For each server a server-csr.json

{
  "CN": "< hostname >",
  "hosts": [
      "localhost",
      "{{hostname}}"
  ],
  "key": {
      "algo": "ecdsa",
      "size": 256
  }
}
	  

Storage (etcd)

I find it easiest to start with etcd, as it is not a part of kubernetes, but is beeing used by it for storage, and is also a prerequisite for flannel (overlay network for docker). Here we will start setting up one secure etcd instance, and later on in another chapter we'll add two more nodes to have High Availability for storage. We will start by generating certificates with cfssl.

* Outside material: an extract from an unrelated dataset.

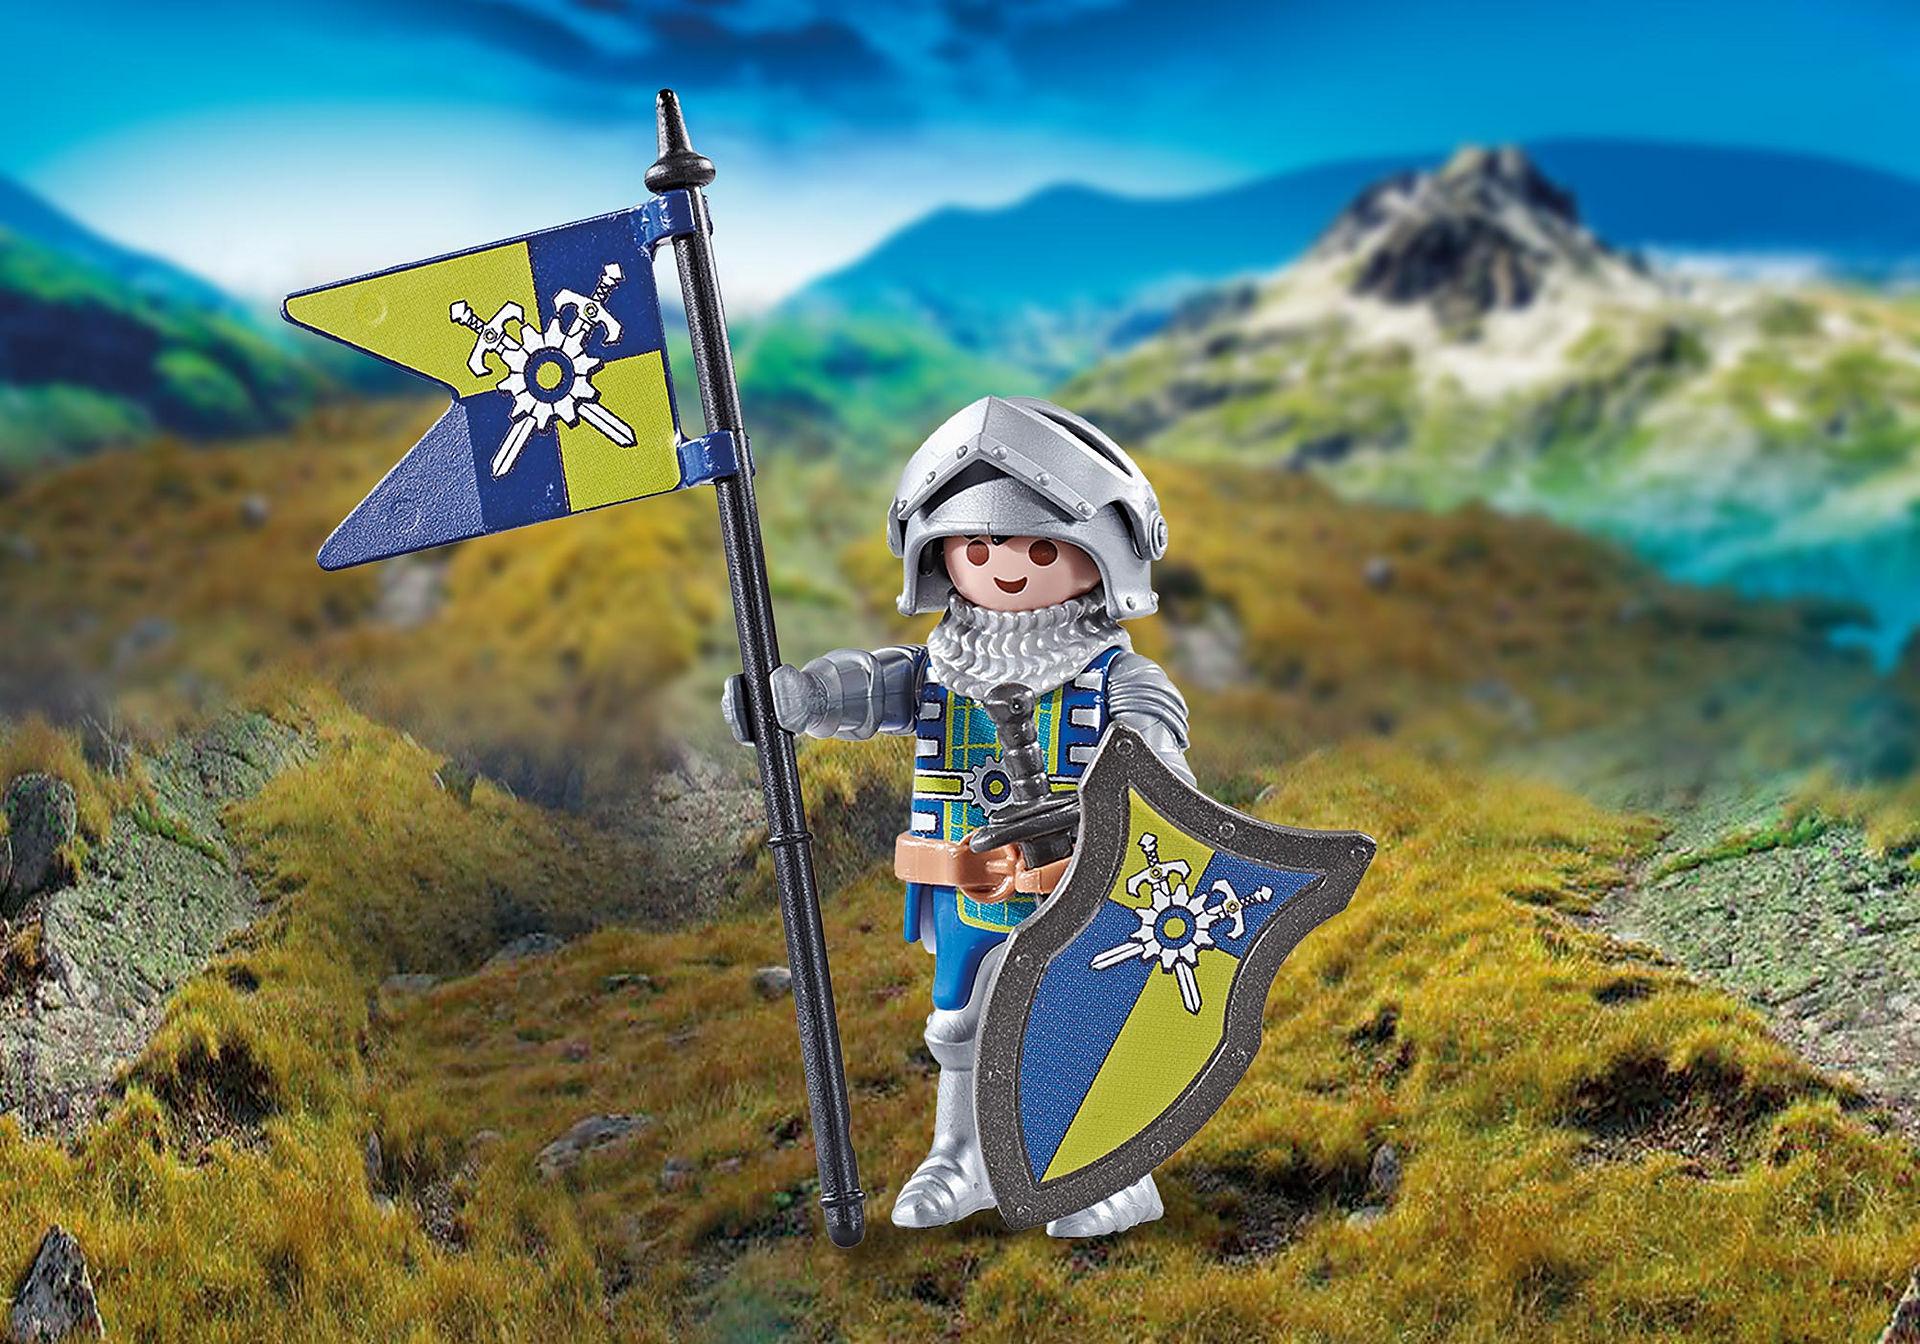 9835 Capitano dei Cavalieri di Novelmore zoom image1

cfssl gencert -initca ca-csr.json | cfssljson -bare etcd-ca -

cfssl gencert \
 -ca=etcd-ca.pem \
 -ca-key=etcd-ca-key.pem \
 -config=ca-config.json \
 -hostname=localhost,{{hostname}} \
 -profile=server server-csr.json \
 | cfssljson -bare etcd-{{hostname}}-server

cfssl gencert \
 -ca=etcd-ca.pem \
 -ca-key=etcd-ca-key.pem \
 -config=ca-config.json \
 -hostname=localhost,{{hostname}} \
 -profile=peer server-csr.json \
 | cfssljson -bare etcd-{{hostname}}-peer

cfssl gencert \
 -ca=etcd-ca.pem \
 -ca-key=etcd-ca-key.pem \
 -config=ca-config.json \
 -hostname=localhost,{{hostname}} \
 -profile=client client-csr.json \
 | cfssljson -bare etcd-{{hostname}}-client

# this is the area we want to save data to, change at will, and change it to the same
# in the command under.
mkdir -p /var/lib/etcd 
	  

You should now have a server and peer for each server, and a client-cert. And we can start using etcd in a secure authenticated way. I am using relative paths and am standing where all certs are created, you can use absolute paths, bit for brevity this looks better. You could create a separate peer-ca-certificate and use that for peering. You can run this as a normal command:

/path/to/etcd \
  --name {{hostname}} \
  --cert-file=etcd-{{hostname}}-server.pem \
  --key-file=etcd-{{hostname}}-server-key.pem \
  --trusted-ca-file=etcd-ca.pem \
  --client-cert-auth \
  --peer-cert-file=etcd-{{hostname}}-peer.pem \
  --peer-key-file=etcd-{{hostname}}-peer-key.pem \
  --peer-ca-file=etcd-ca.pem \
  --peer-client-cert-auth \
  --listen-peer-urls=https://0.0.0.0:2380 \
  --listen-client-urls=https://0.0.0.0:2379,http://127.0.0.1:4001 \
  --advertise-client-urls=https://0.0.0.0:2379,http://127.0.0.1:4001 \
  --data-/var/lib/etcddir=/var/lib/etcd \
  --initial-advertise-peer-urls=https://{{hostname}}:2380 \
  --initial-cluster https://{{hostname}}:2380
	  

When working you could take etcdctl for a spin, I left http on port 4001 open on localhost so we don't have to use certificates when we are already on the server. But that is easily removed if you want to. to se what is saved at root type:

/path/to/etcdctl ls /
	  

If everything is working you have a working installation of etcd, and can start using it. You probably want to create a systemd-file for running it on startup.


Network (flannel)

Flanneld is a network overlay that keeps in order which subnet is used by docker on each host, so we define that flannel has a /16-net (255 /24-net) and that every docker-node should have a /24-net. It can be used without docker, for instance if you want docker-containers to connect over differend machines on a privete docker-ip-range In this guide I will use 18.16.0.0/16 as the main range, let's tell etcd about it!

flannel-etcd-conf.json

{
    "Network": "18.16.0.0/16",
    "SubnetLen": 24,
    "Backend": {
        "Type": "vxlan",
        "VNI": 1
     }
}
	  

and run the command:

/path/to/etcdctl set /flannel/network/config < flannel-etcd-conf.json
	  

We can now run flannel with

/path/to/flanneld \
  --ip-masq=false \
  --etcd-endpoints=https://{{etcd_master}}:2379 \
  --etcd-cafile=etcd-ca.pem \
  --etcd-certfile=etcd-{{hostname}}-client.pem \
  --etcd-keyfile=etcd-{{hostname}}-client-key.pem \
--etcd-prefix=/flannel/network

source /etc/sysconfig/docker-network # or where docker sets/gets network-configs on your os

/path/to/mk-docker-opts.sh -k DOCKER_NETWORK_OPTIONS -d /run/flannel/docker

#start docker your normal way
systemctl start docker
	  

Kubernetes

Kubernetes is a collection of programs connecting over a rest-api. Broadly speaking all components talk directly to the apiserver to get instructions, the apiserver stores state in etcd. Kubelet talks to docker, and docker uses flannel for nettwork.